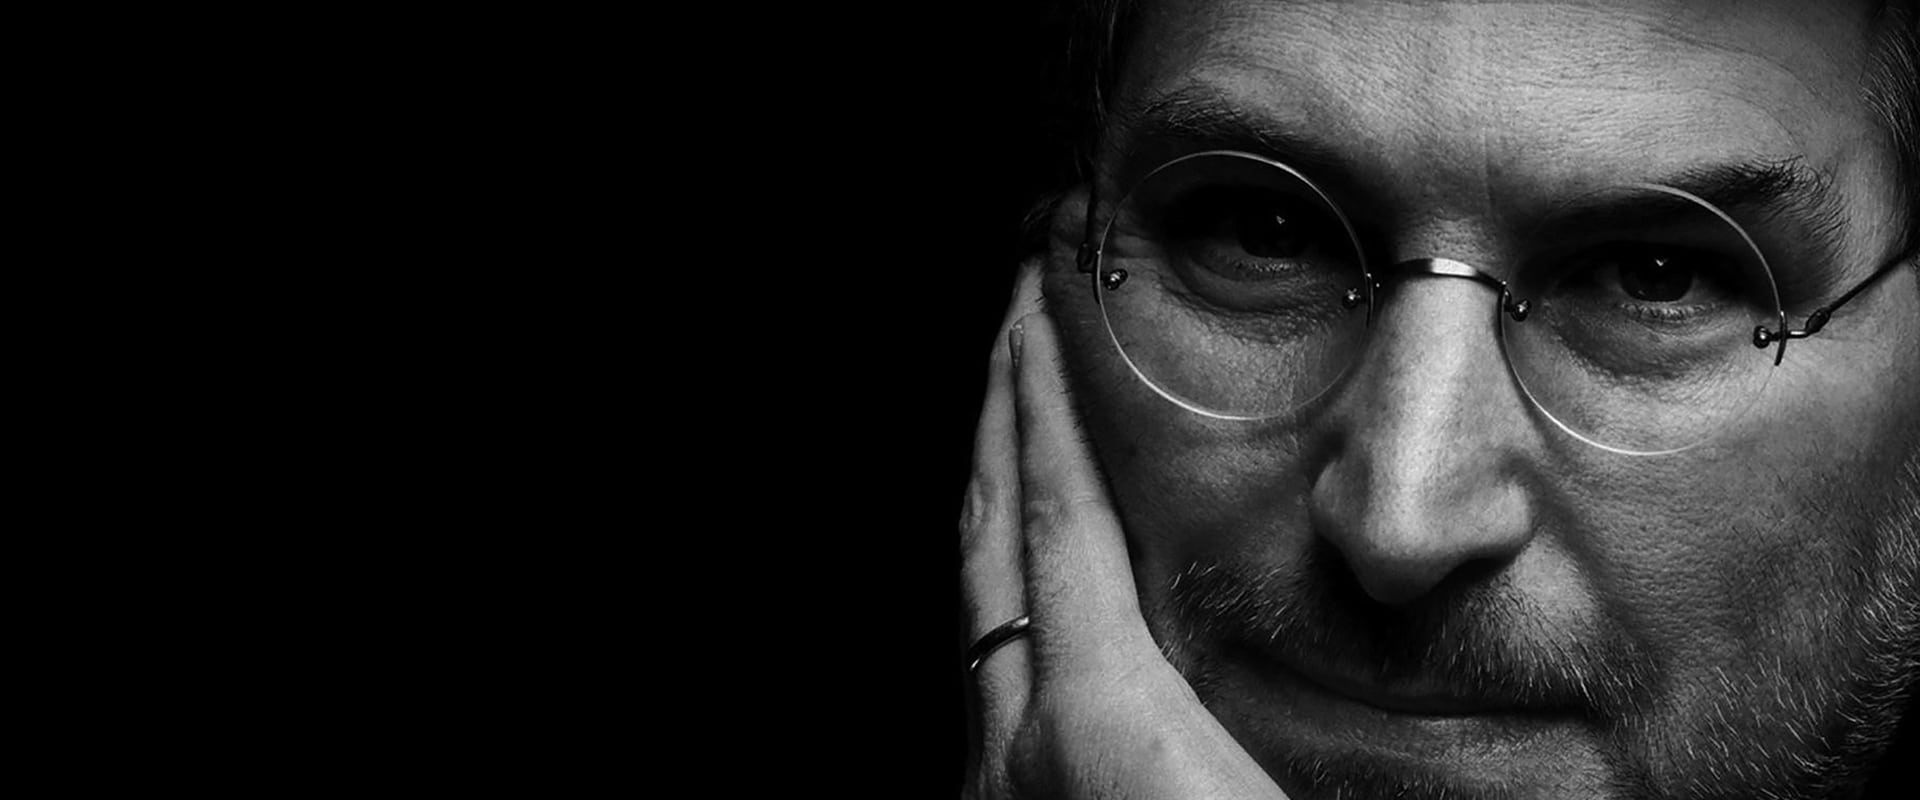 Steve Jobs - O Homem e as Máquinas
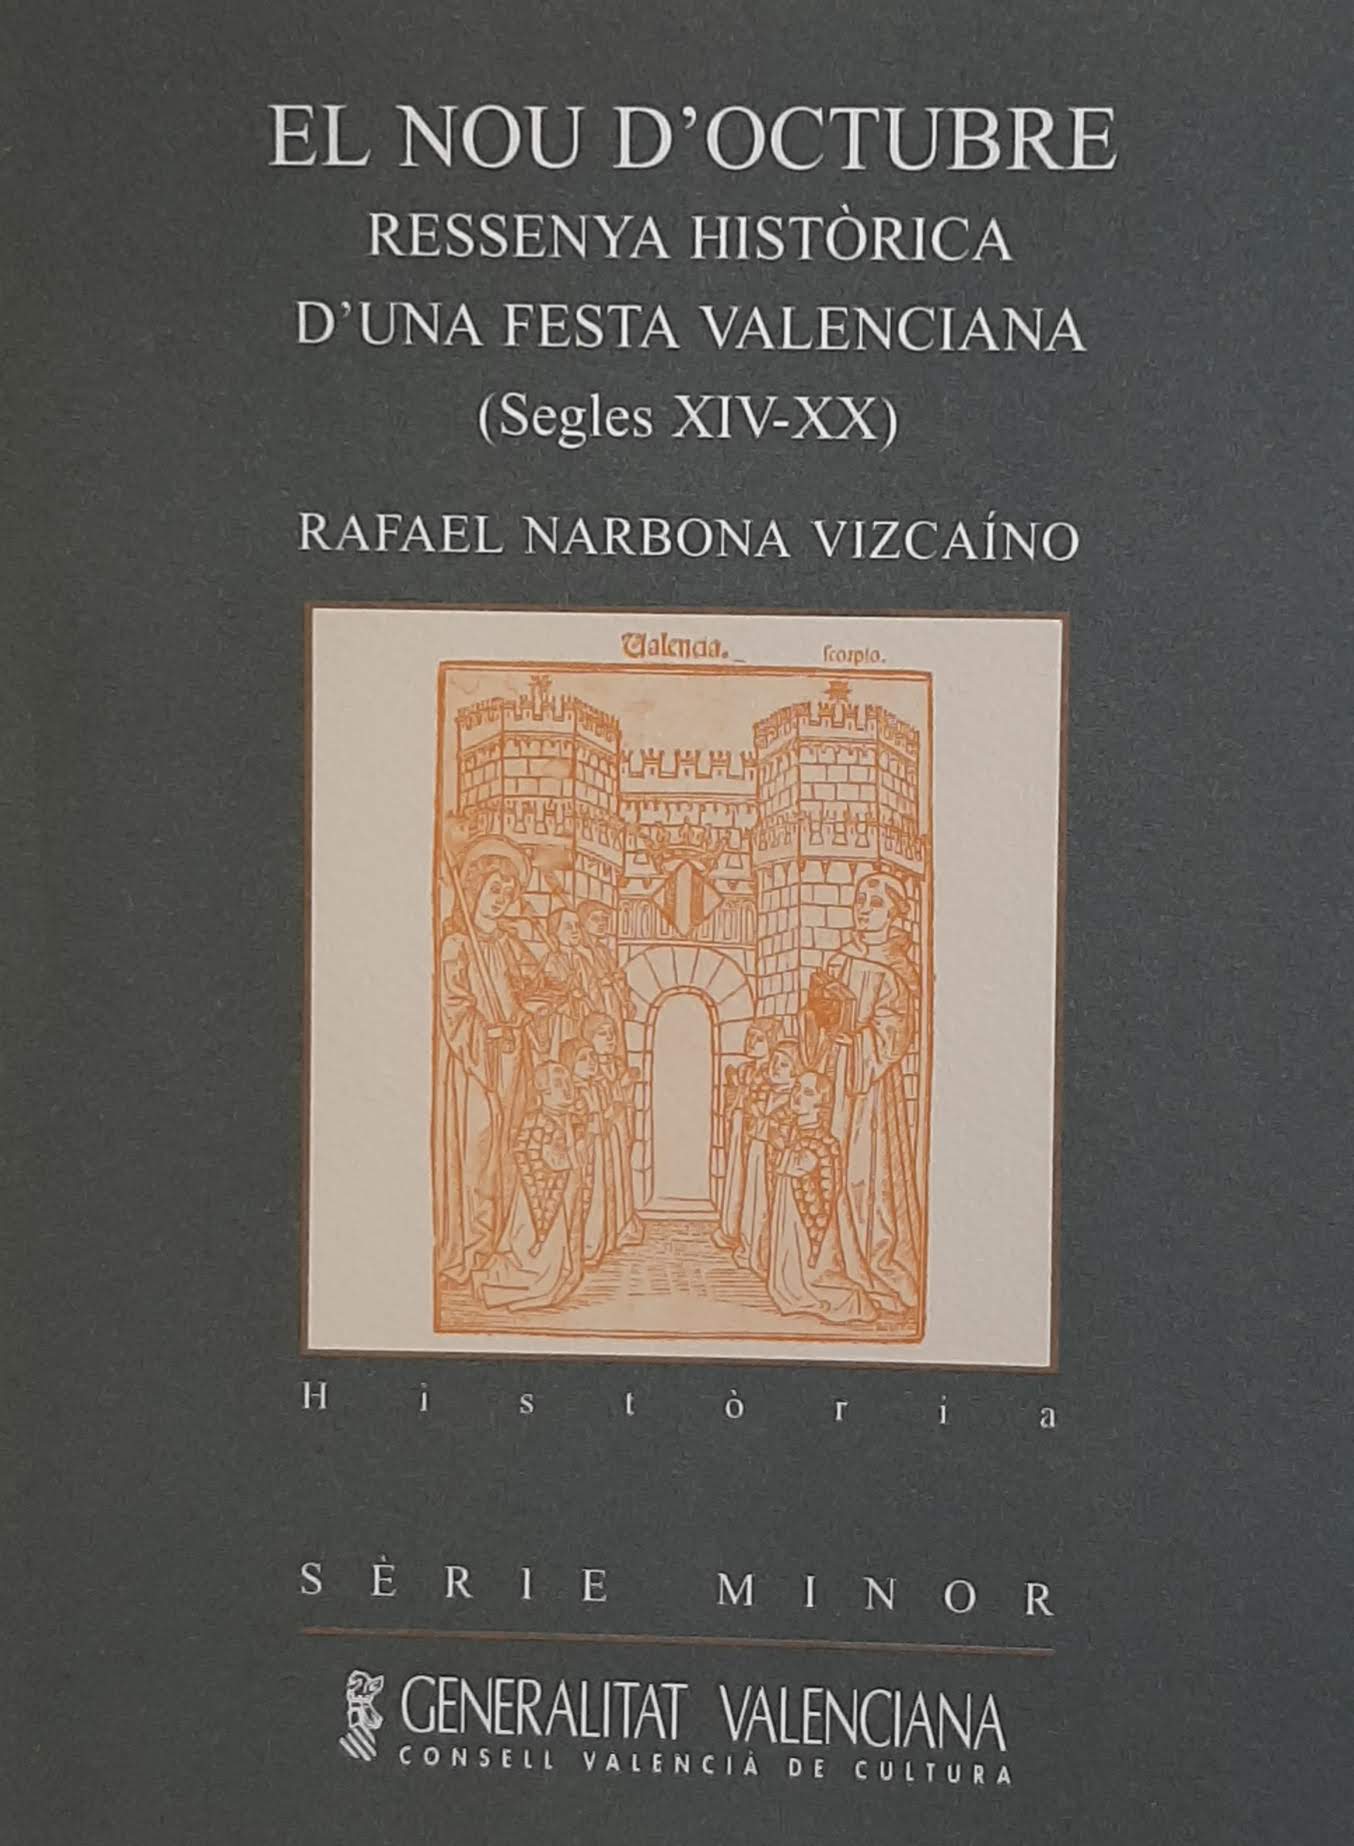 El Nou d'Octubre. Ressenya històrica d'una festa valenciana (segles XIV-XX). Nº 44. Sèrie Minor
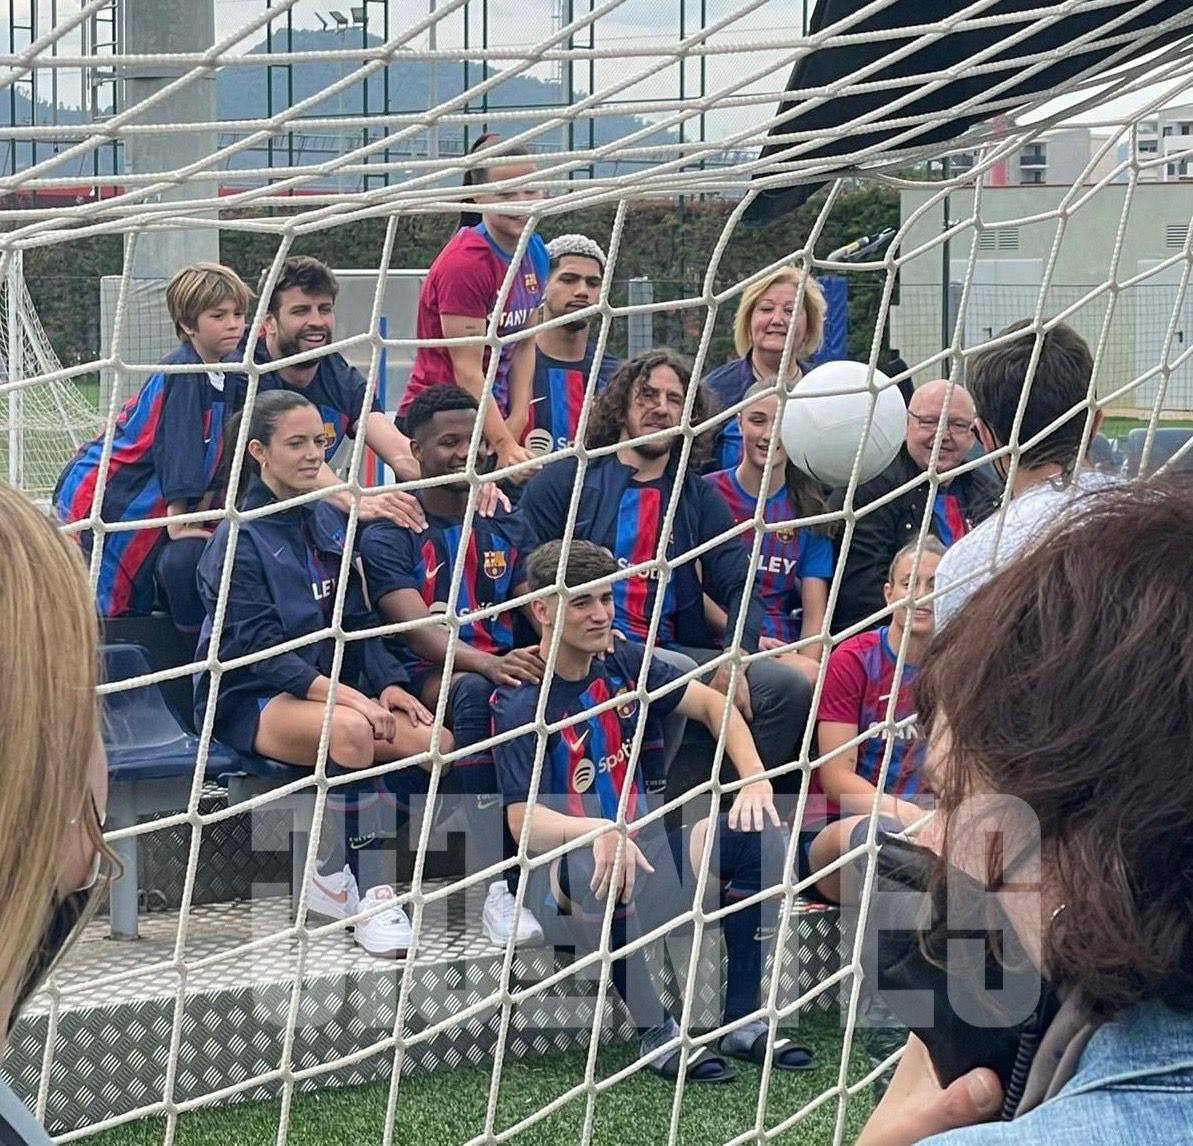 La sesión de fotos del Barça con la camiseta de la próxima temporada / Jijantes
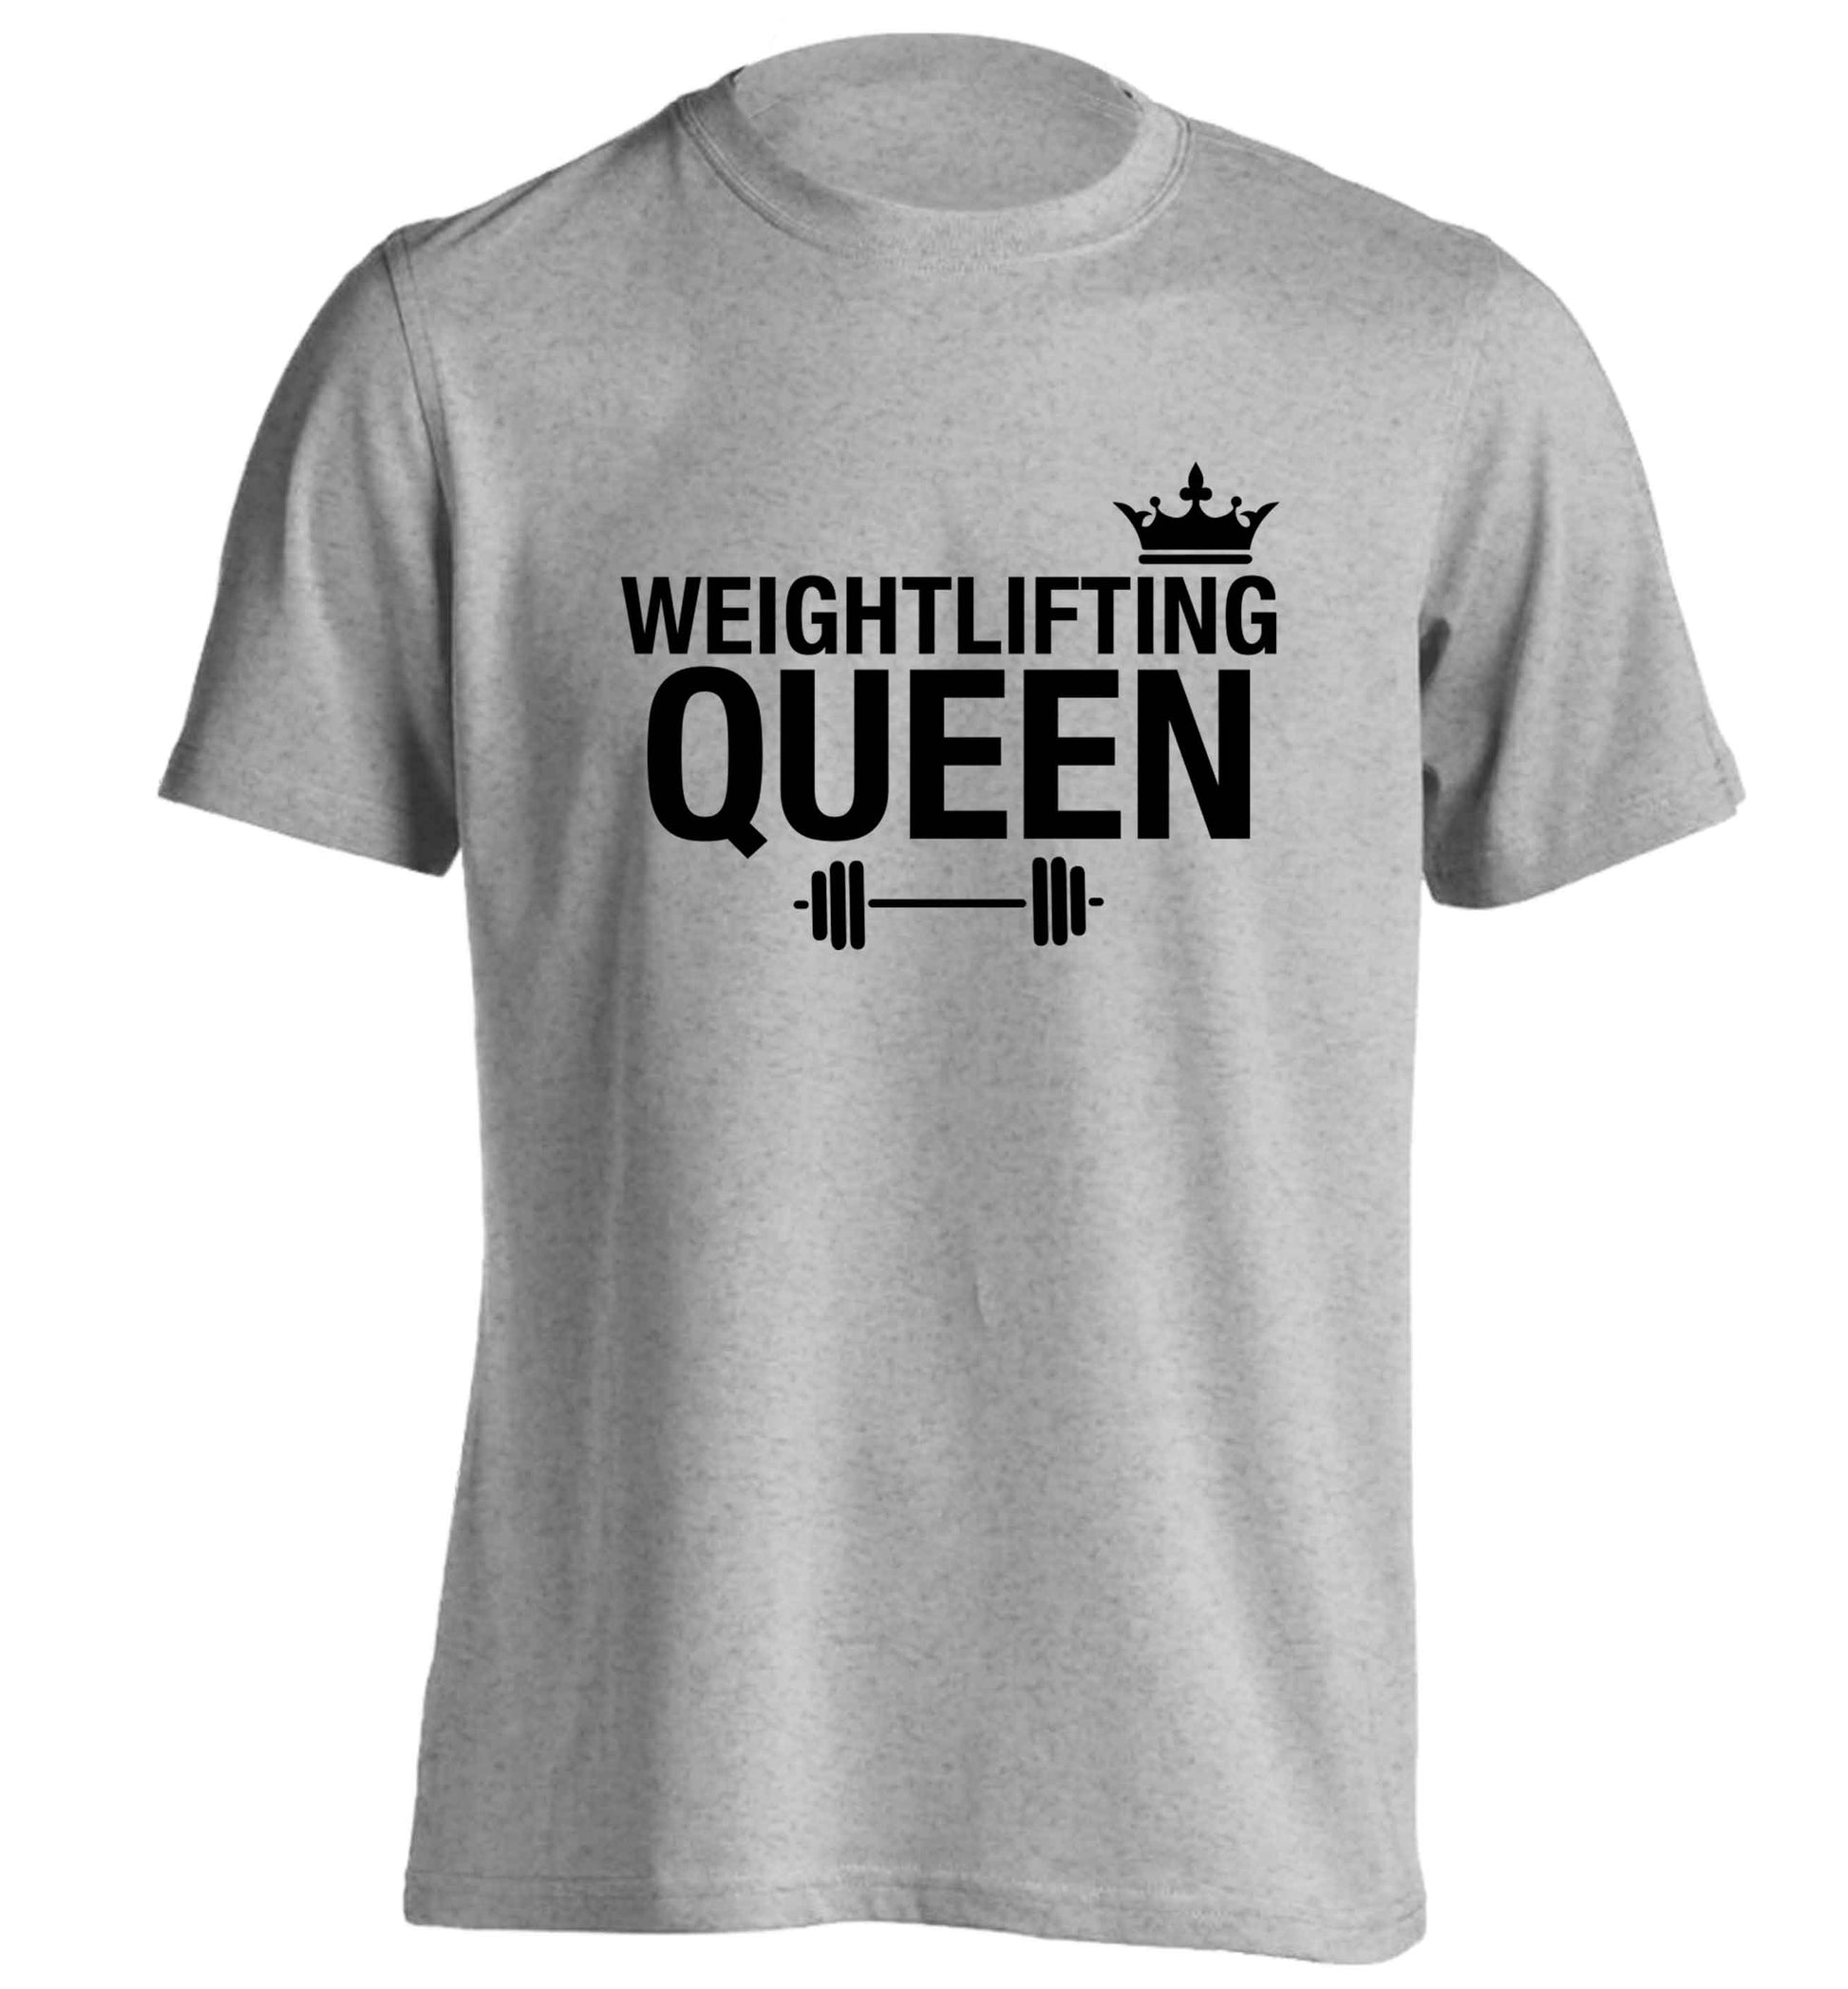 Weightlifting Queen adults unisex grey Tshirt 2XL

Requirement:
Pictures excluded, quote all the data above exactly.

Exercise result:
 Steve Jobs - O Homem e as Máquinas
 El Nou d'Octubre. Ressenya històrica d'una festa valenciana (segles XIV-XX). Nº 44. Sèrie Minor
 La sesión de fotos del Barça con la camiseta de la próxima temporada / Jijantes
 Weightlifting Queen adults unisex grey Tshirt 2XL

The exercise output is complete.